Task instructions » Return the lines below exactly, from the first line to the line that contains "Red 1950s Halter Polka Dot Dress". Leave out pictures.

────────────────

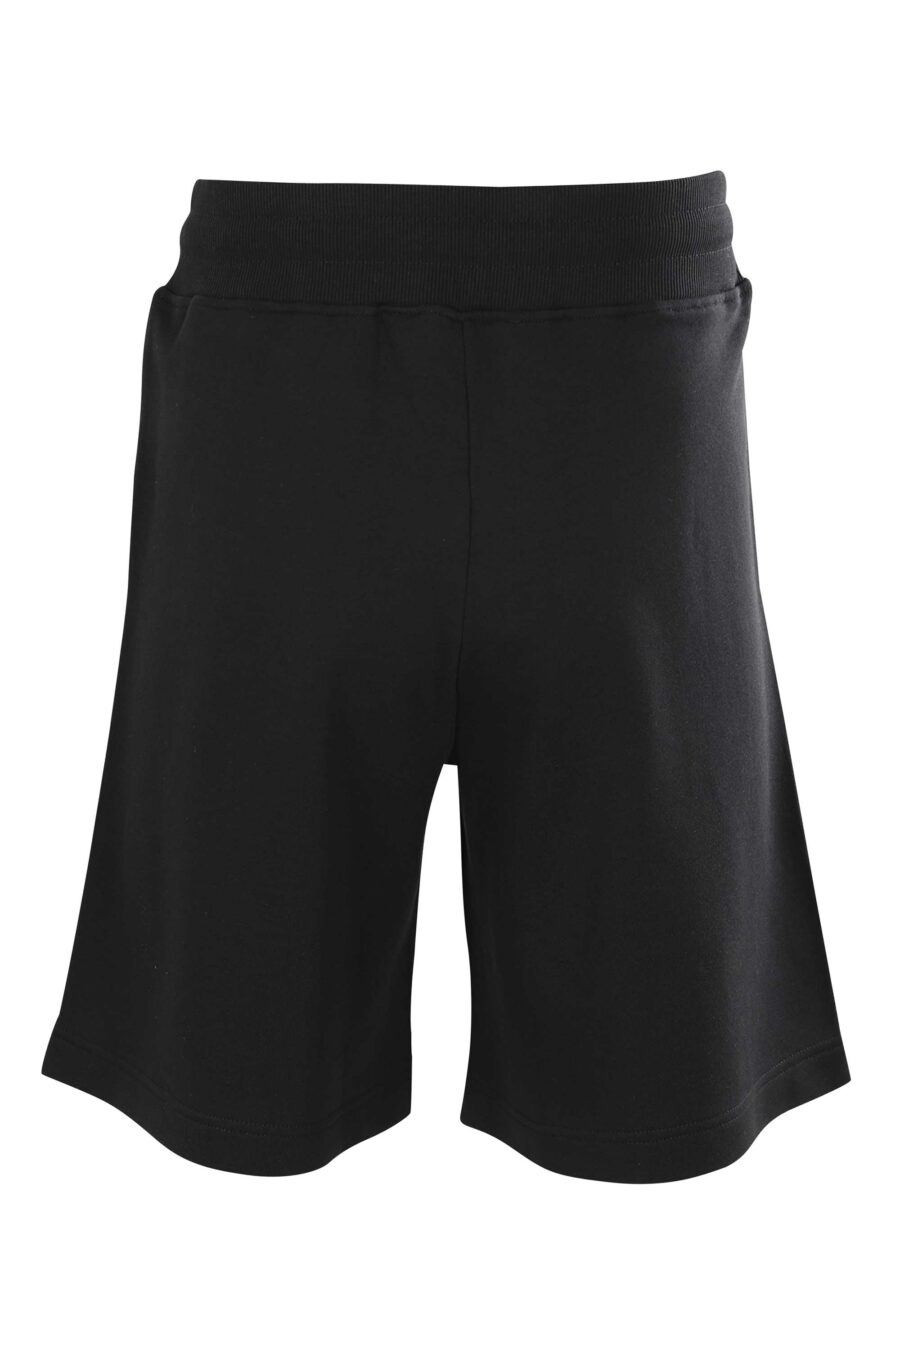 Jogginghose schwarz mit rundem Mini-Logo - 8052019230420 3
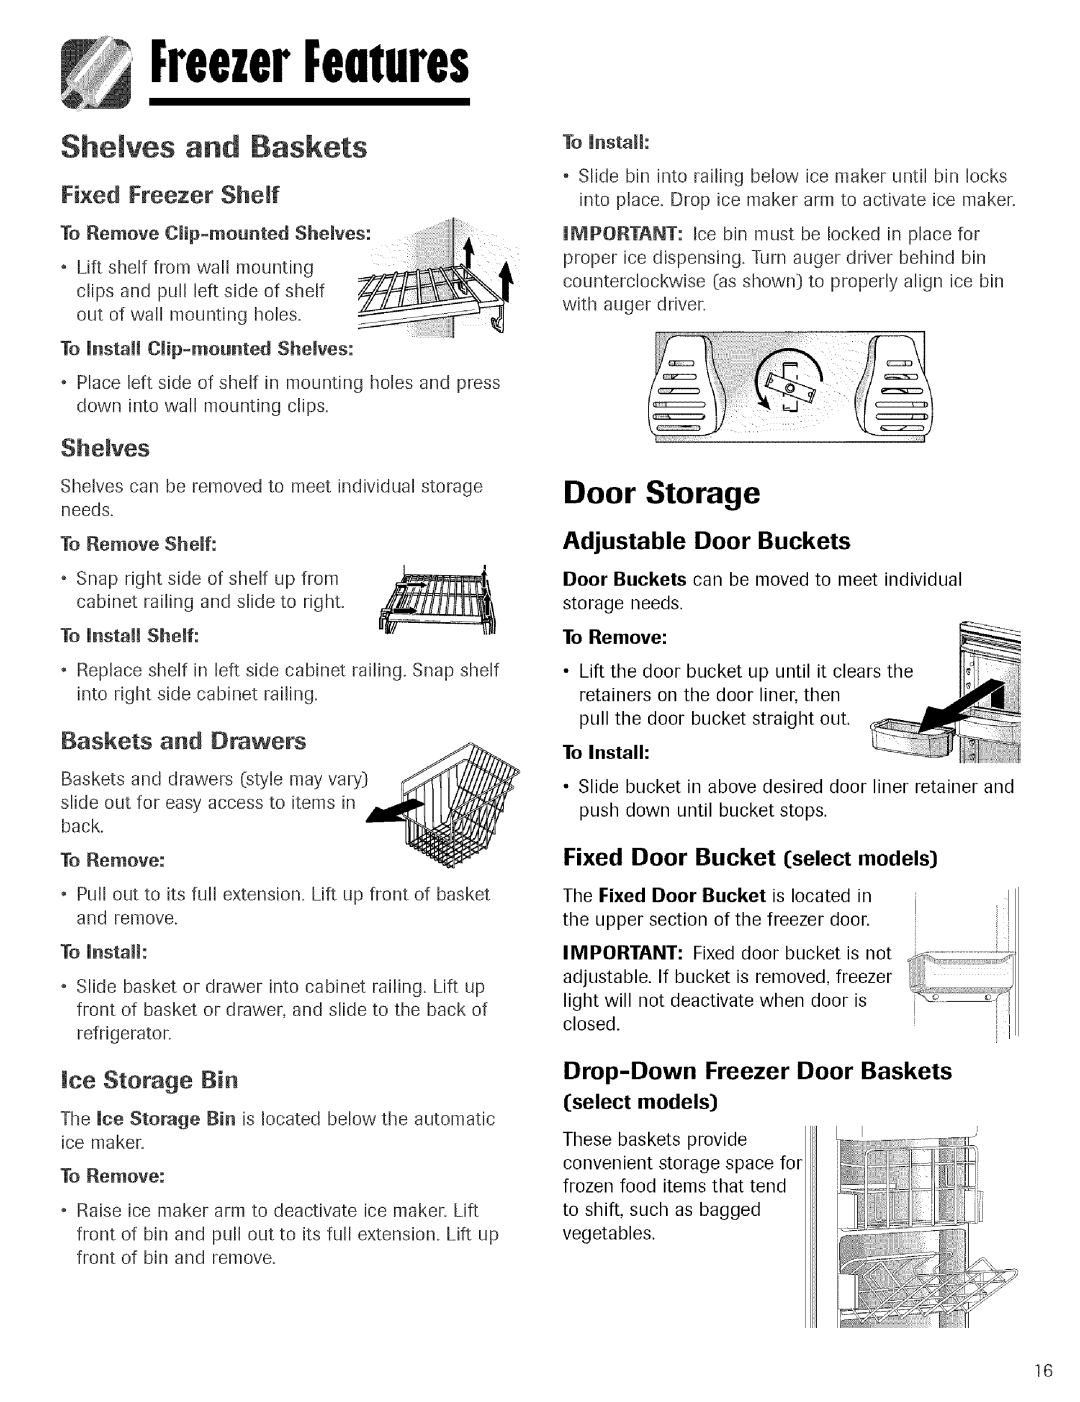 Maytag Refrigerator Door Storage, Shelves, Fixed, Freezer, Shelf, Baskets and Drawers, Adjustable Door Buckets, gaskets 
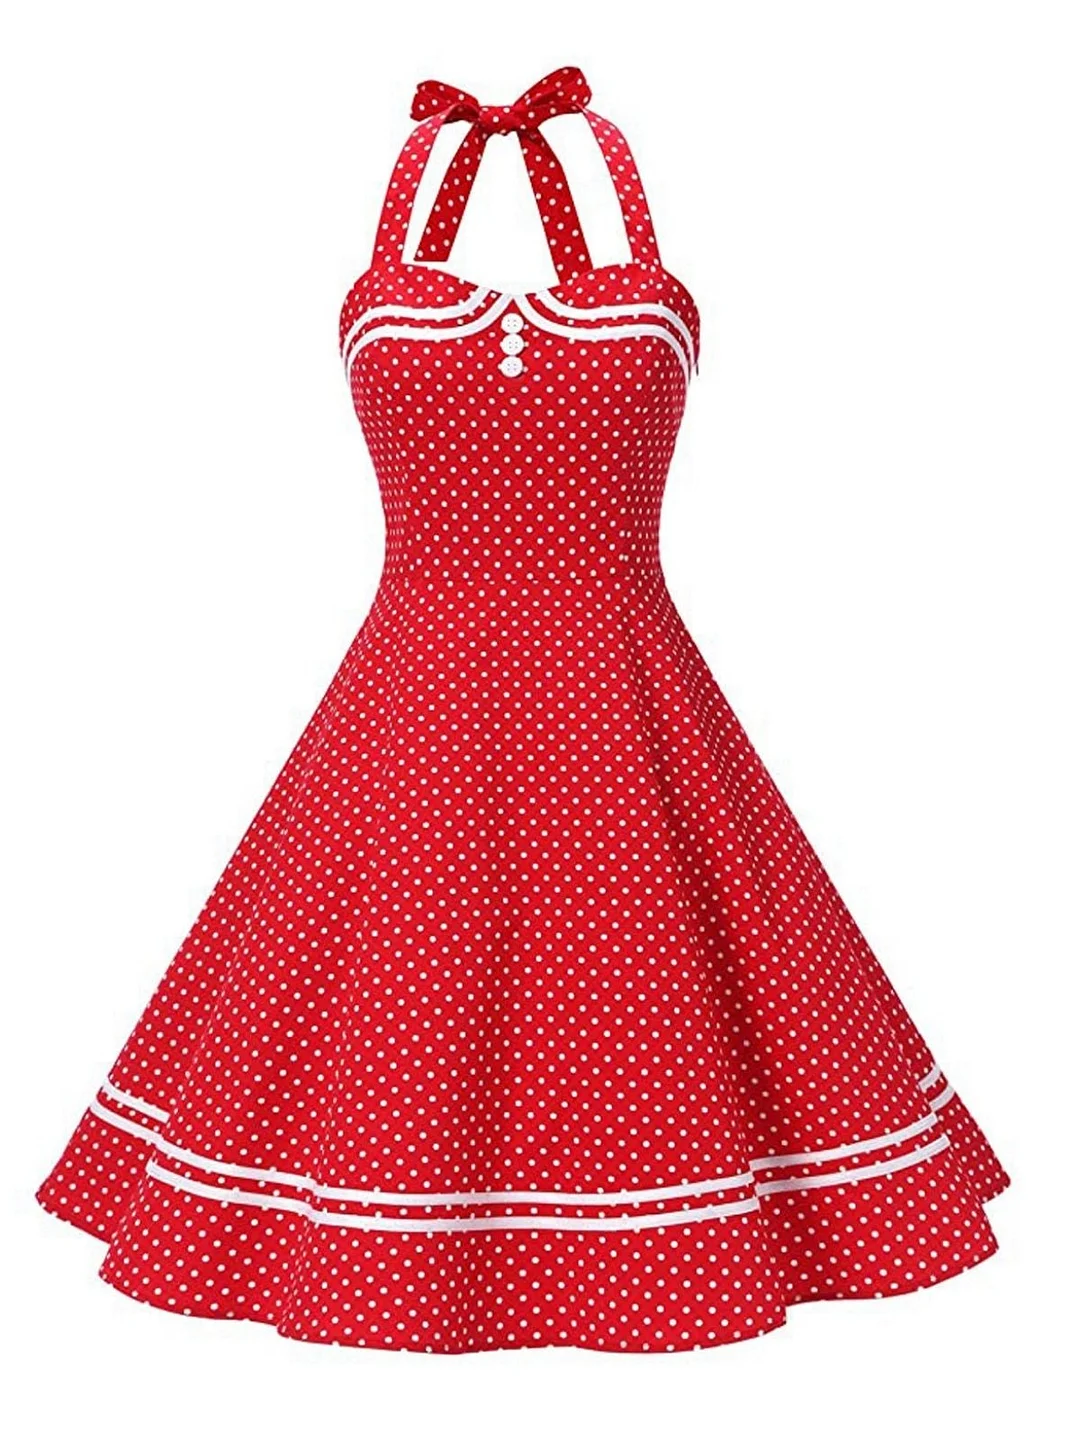 Red 1950s Halter Polka Dot Dress
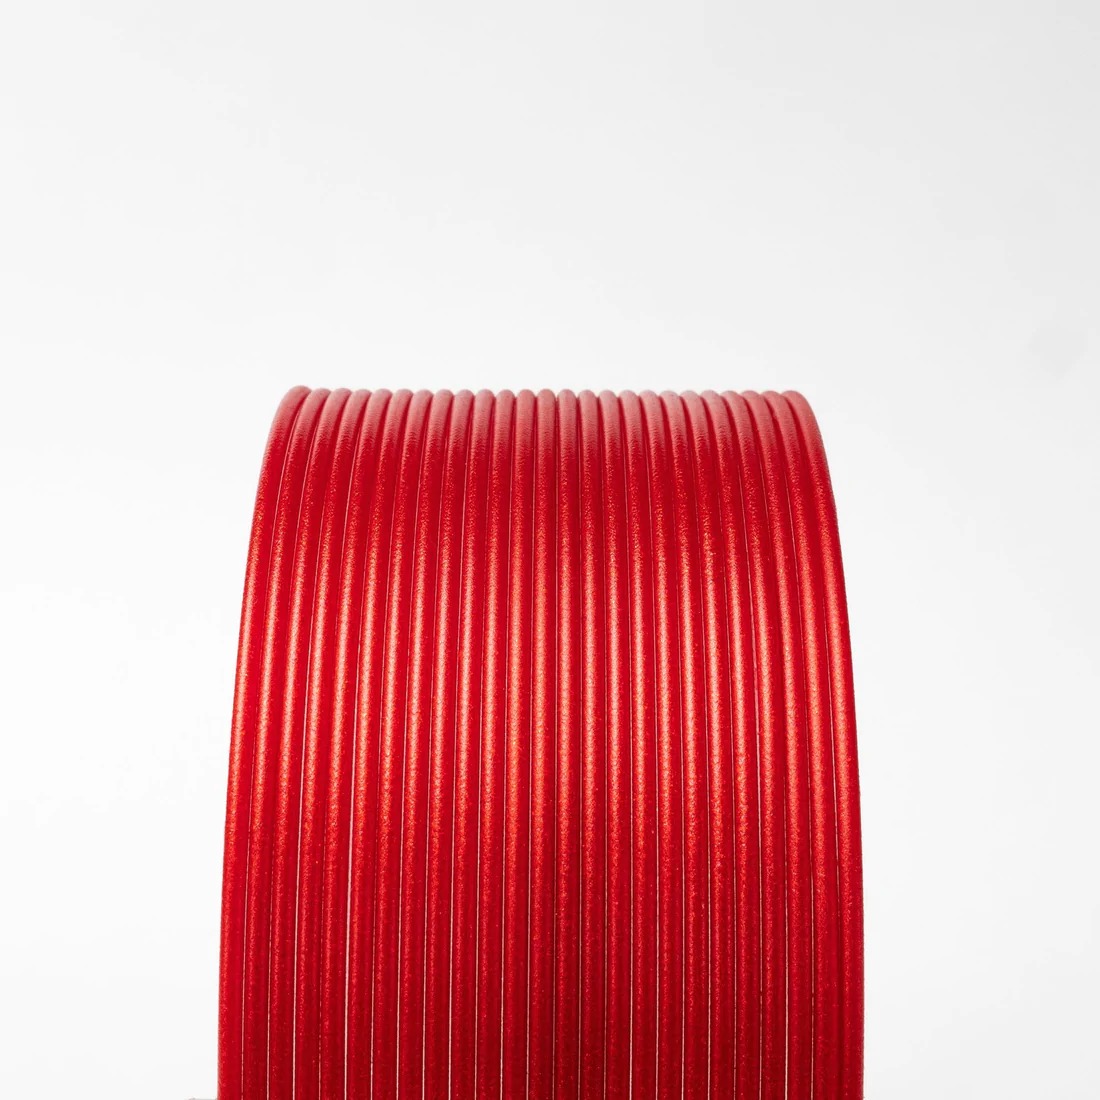 Candy Apple Metallic Red HTPLA  1.75mm 3D printing filament
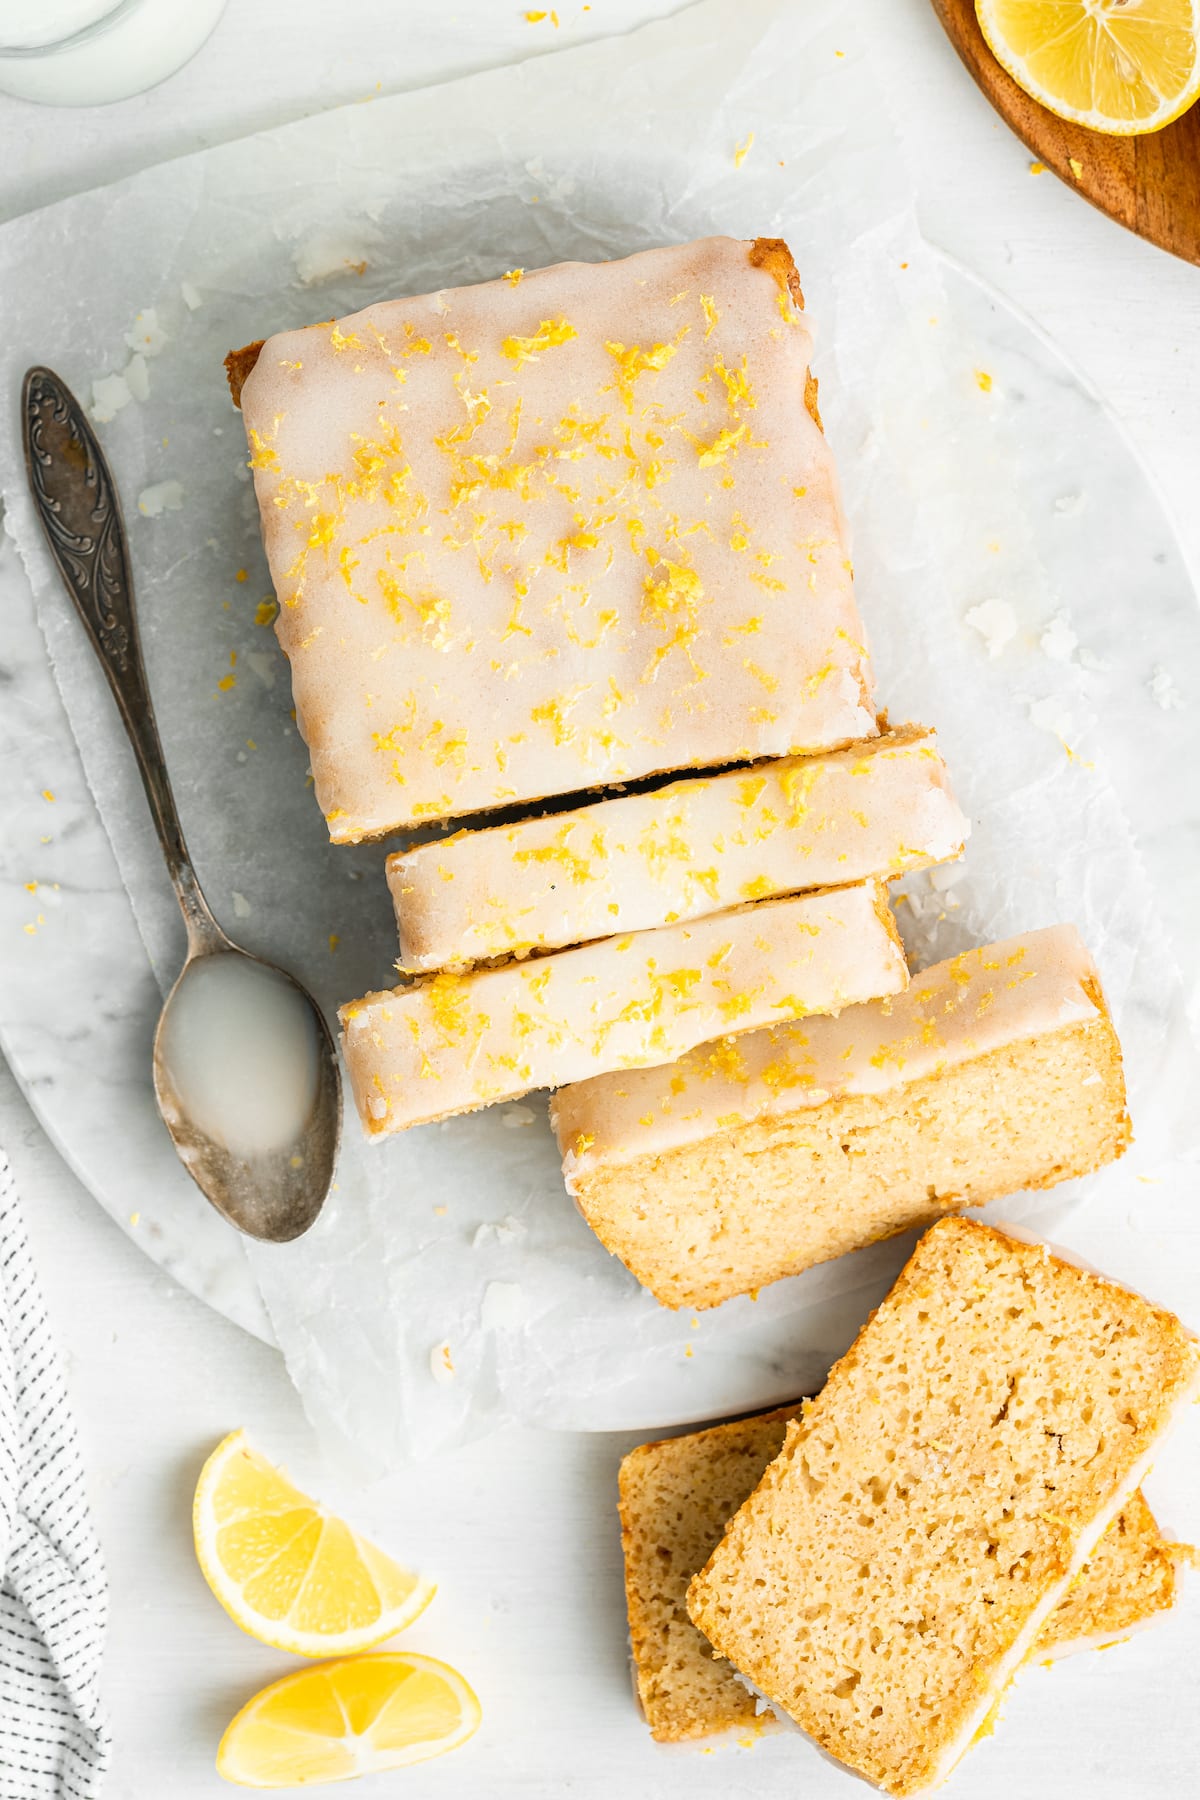 An overhead image of a lemon loaf cut into 5 slices. The lemon loaf is topped with a lemon glaze and lemon zest.

────────────────

Solution to this task »
 Jogginghose schwarz mit rundem Mini-Logo - 8052019230420 3
 Maytag Refrigerator Door Storage, Shelves, Fixed, Freezer, Shelf, Baskets and Drawers, Adjustable Door Buckets, gaskets 
 Red 1950s Halter Polka Dot Dress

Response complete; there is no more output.